■ Try it
Each line of the data below between the one containing "107年【電氣】台灣菸酒公司招考評價職位人員課文版套書" and the one containing "Nyrenset | Håg", both included, is to be repeated exactly. Please omit pictures.

■ Entries supplied
====================

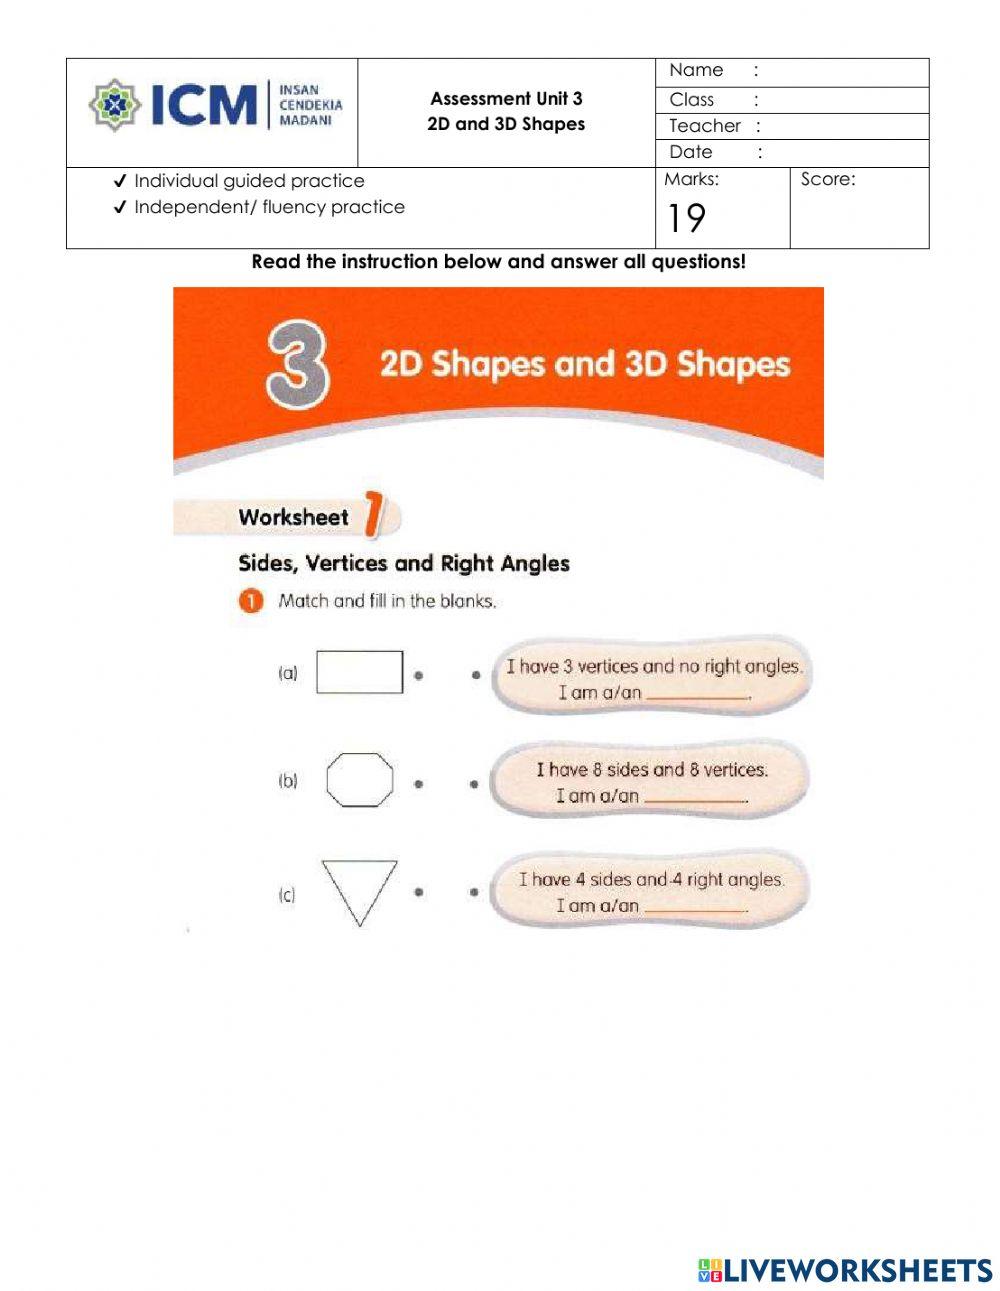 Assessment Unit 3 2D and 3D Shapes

====================

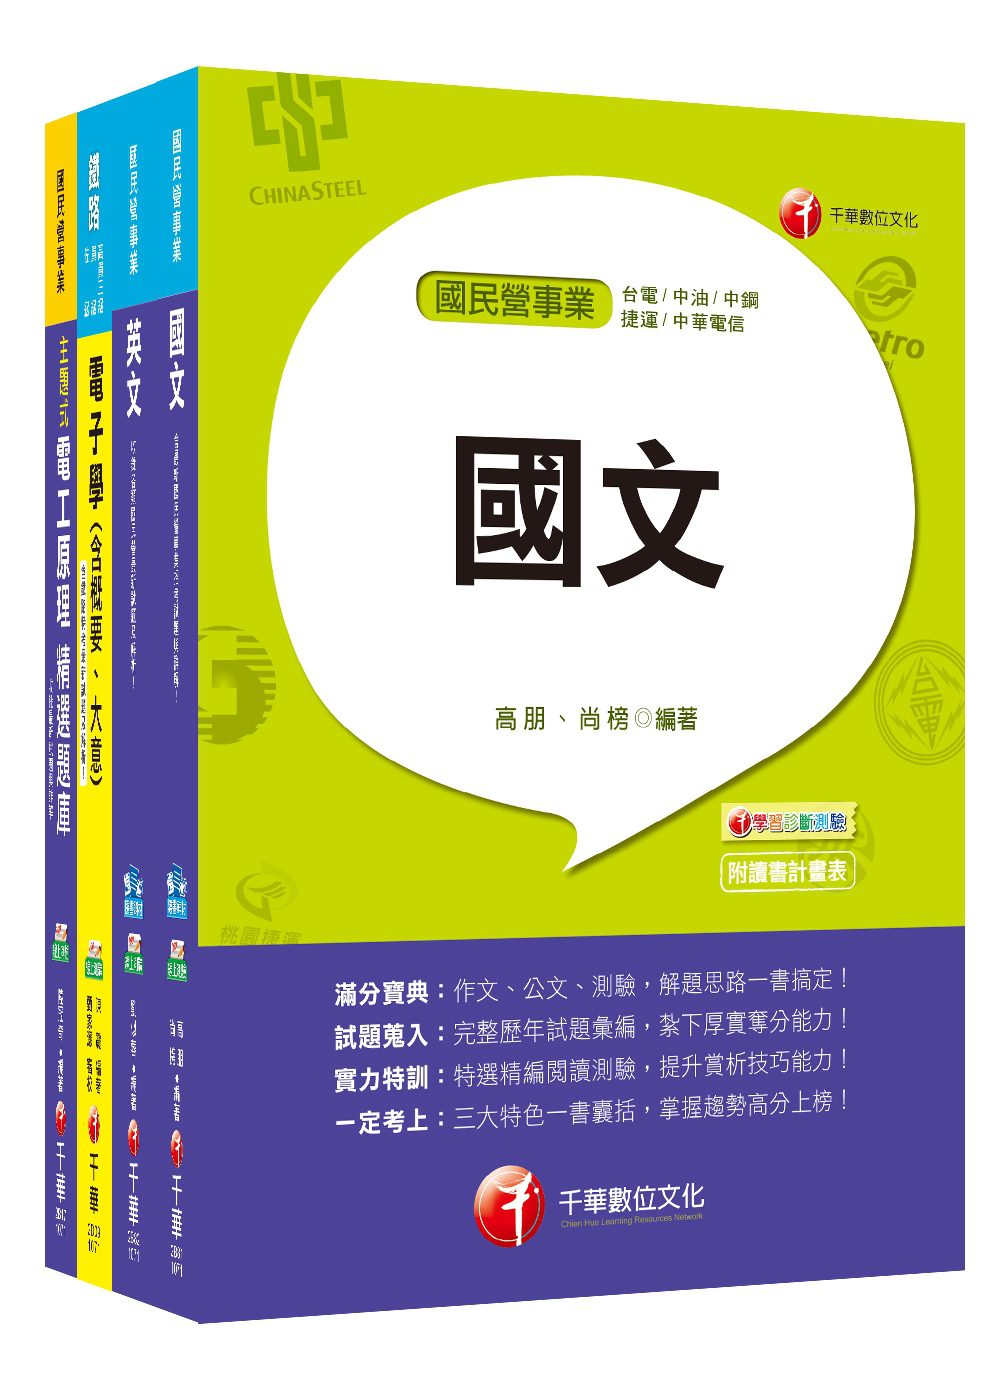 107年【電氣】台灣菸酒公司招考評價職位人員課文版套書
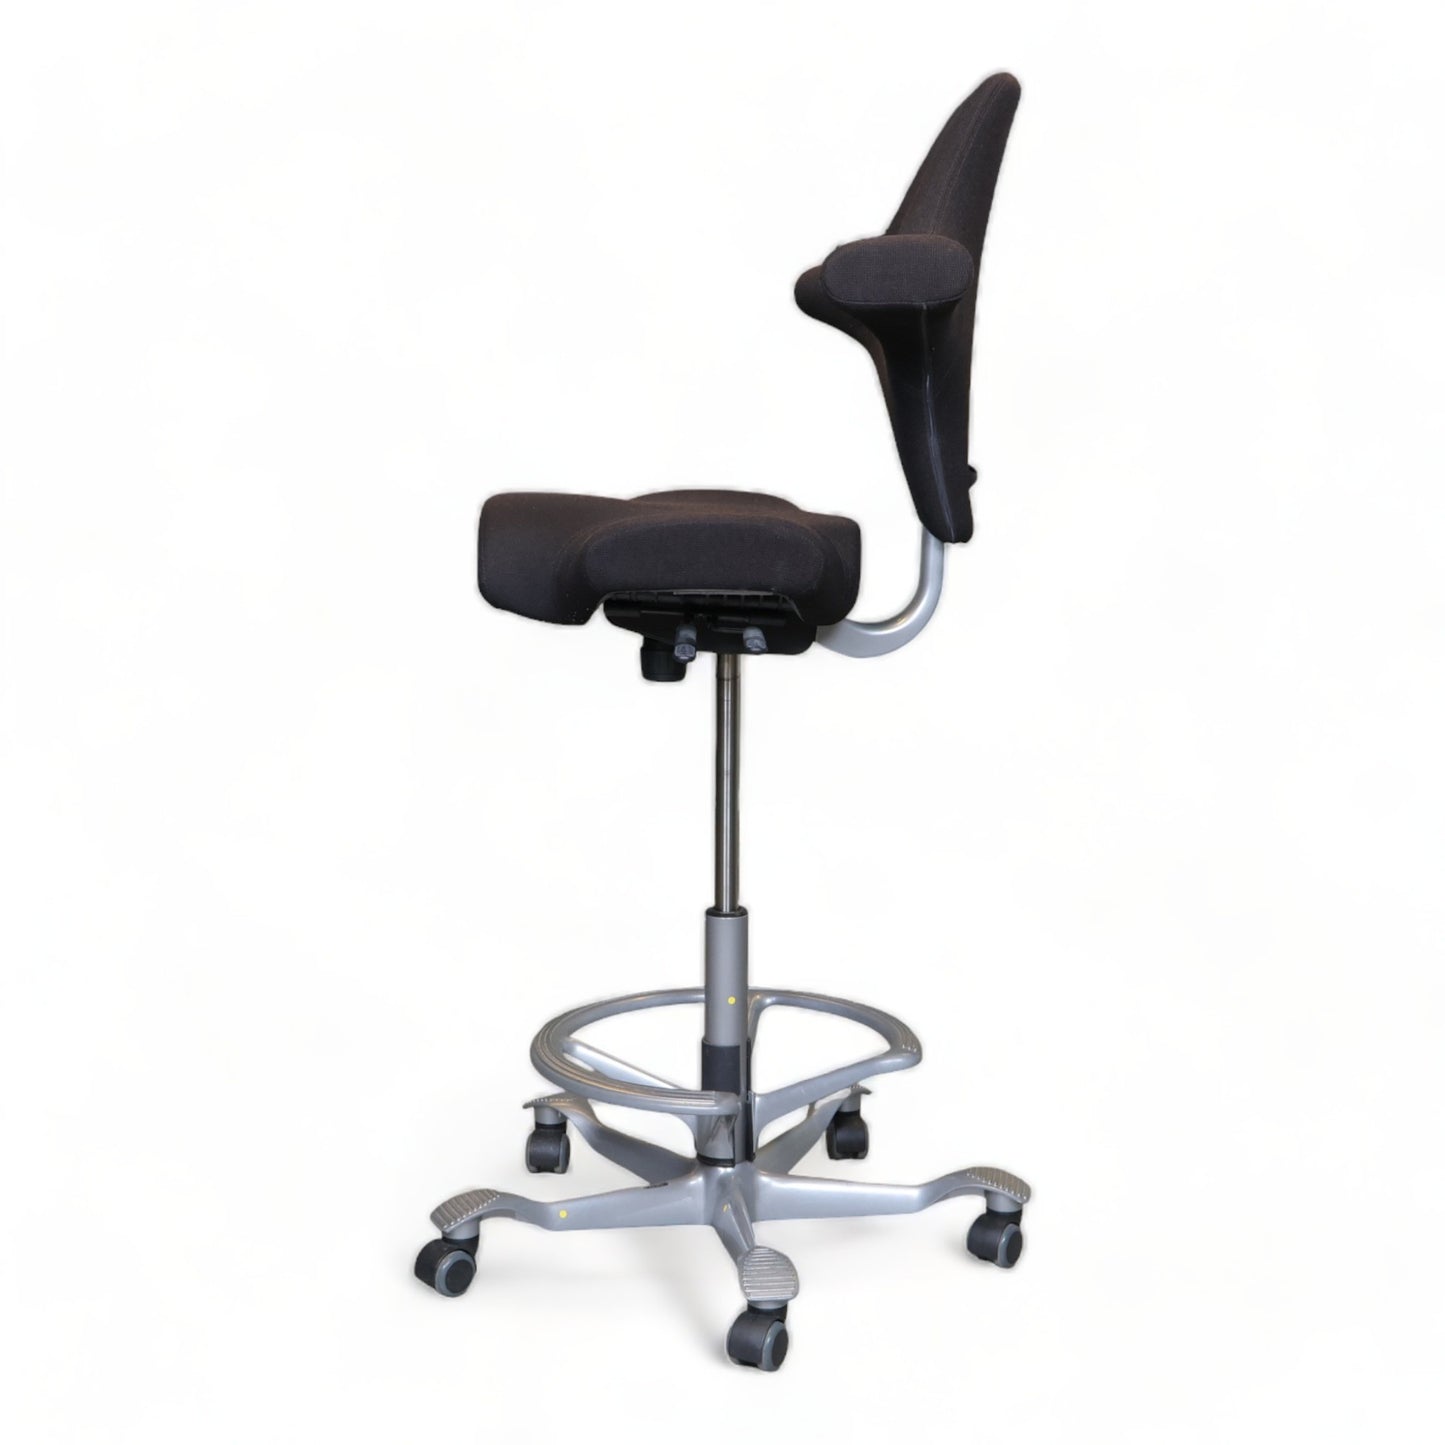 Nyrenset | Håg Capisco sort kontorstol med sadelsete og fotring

====================

■ Response
 107年【電氣】台灣菸酒公司招考評價職位人員課文版套書
 Nyrenset | Håg Capisco sort kontorstol med sadelsete og fotring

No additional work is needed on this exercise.